◆ **Data**

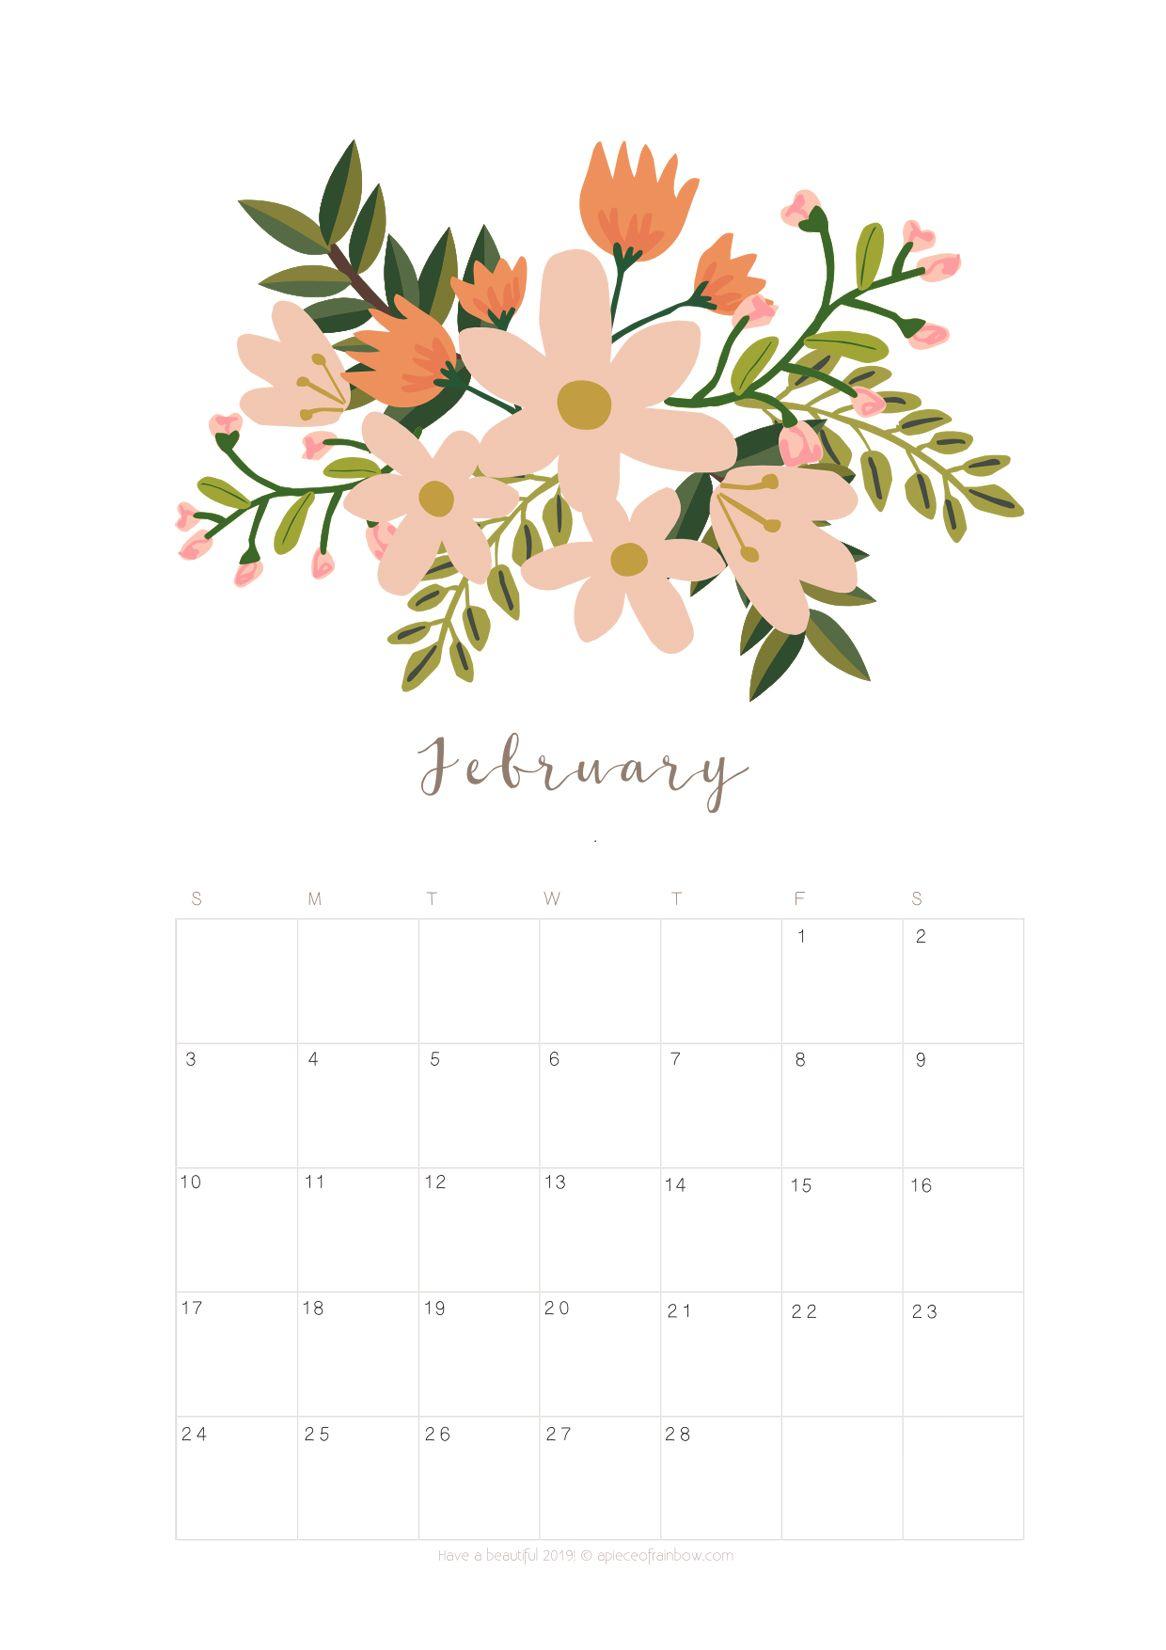 Beautiful February 2019 Calendar Printable February 2019 Calendar Monthly Planner {2 Designs
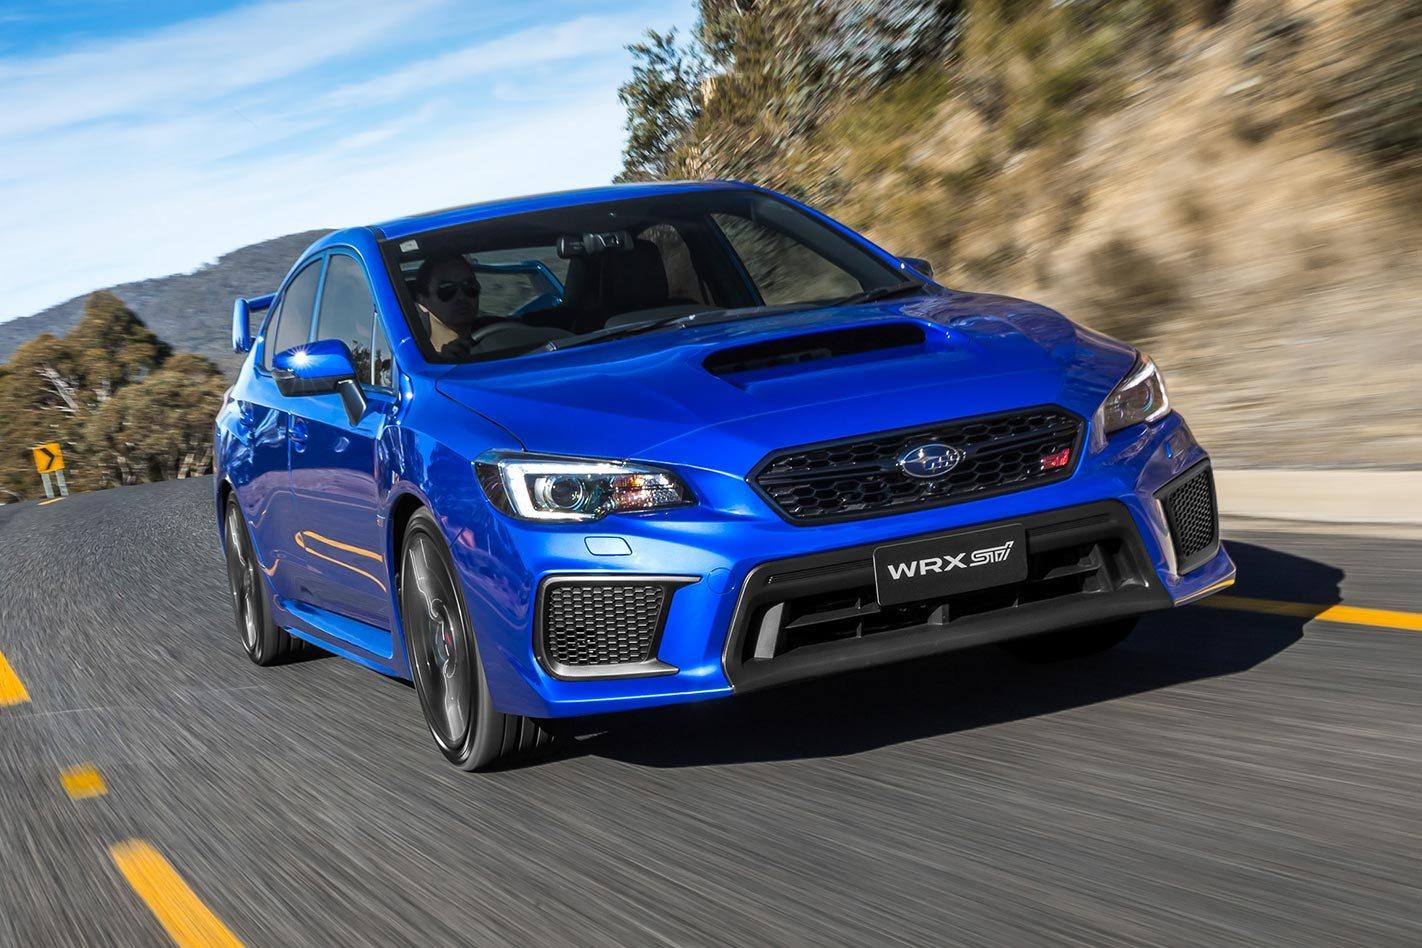 2018 Subaru WRX STI Australian pricing announced
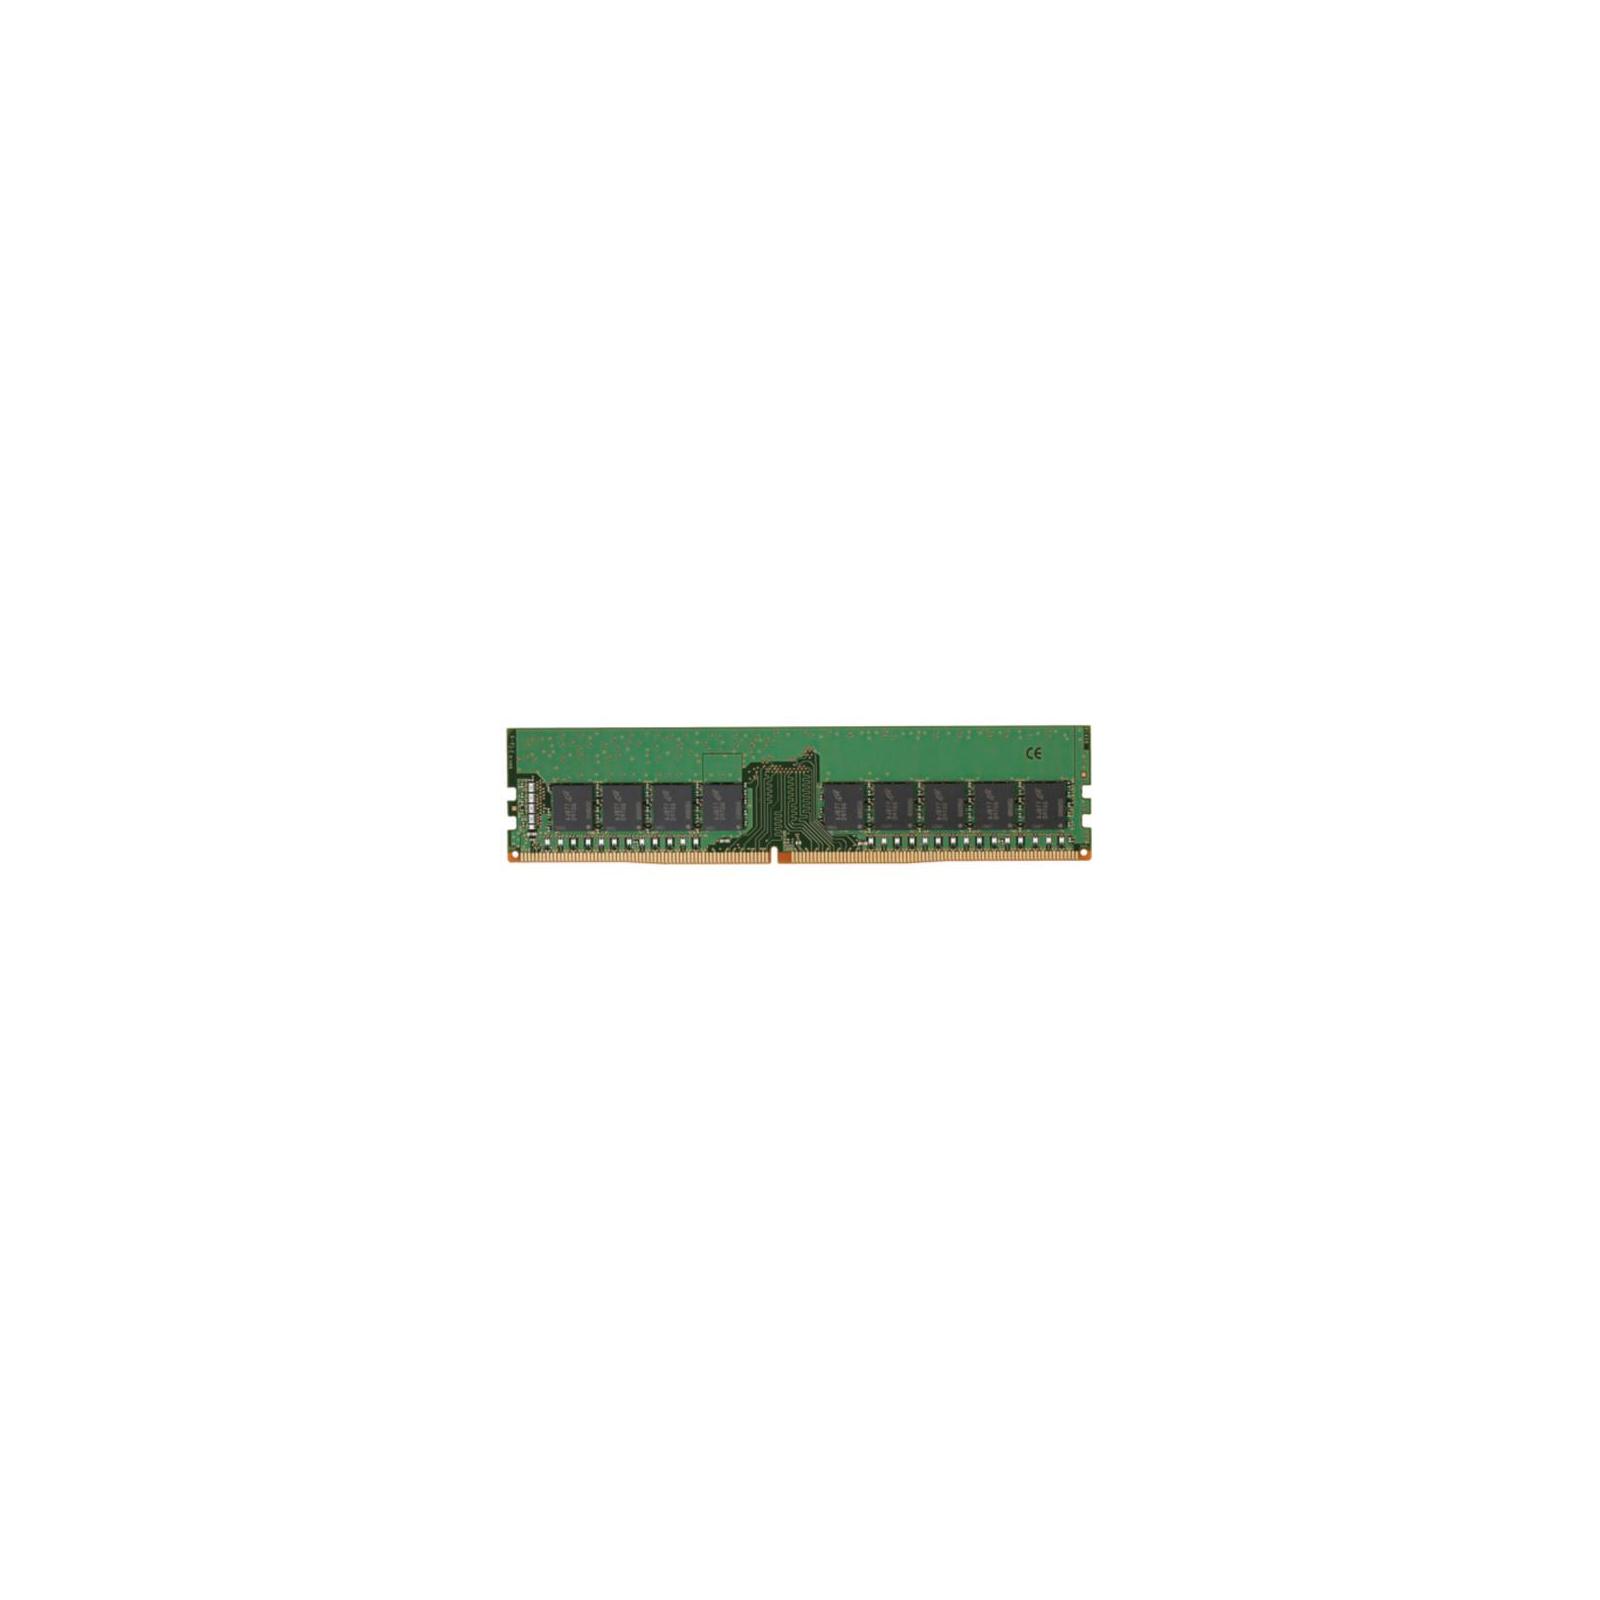 Модуль памяти для сервера DDR4 16GB ECC UDIMM 2400MHz 2Rx8 1.2V CL17 Kingston (KSM24ED8/16ME) изображение 2

◆ **Work to complete**
Only the pictures are to be left out; restate everything else in the listing word for word.

◆ **Solution**
 Beautiful February 2019 Calendar Printable February 2019 Calendar Monthly Planner {2 Designs
 2018 Subaru WRX STI Australian pricing announced
 Модуль памяти для сервера DDR4 16GB ECC UDIMM 2400MHz 2Rx8 1.2V CL17 Kingston (KSM24ED8/16ME) изображение 2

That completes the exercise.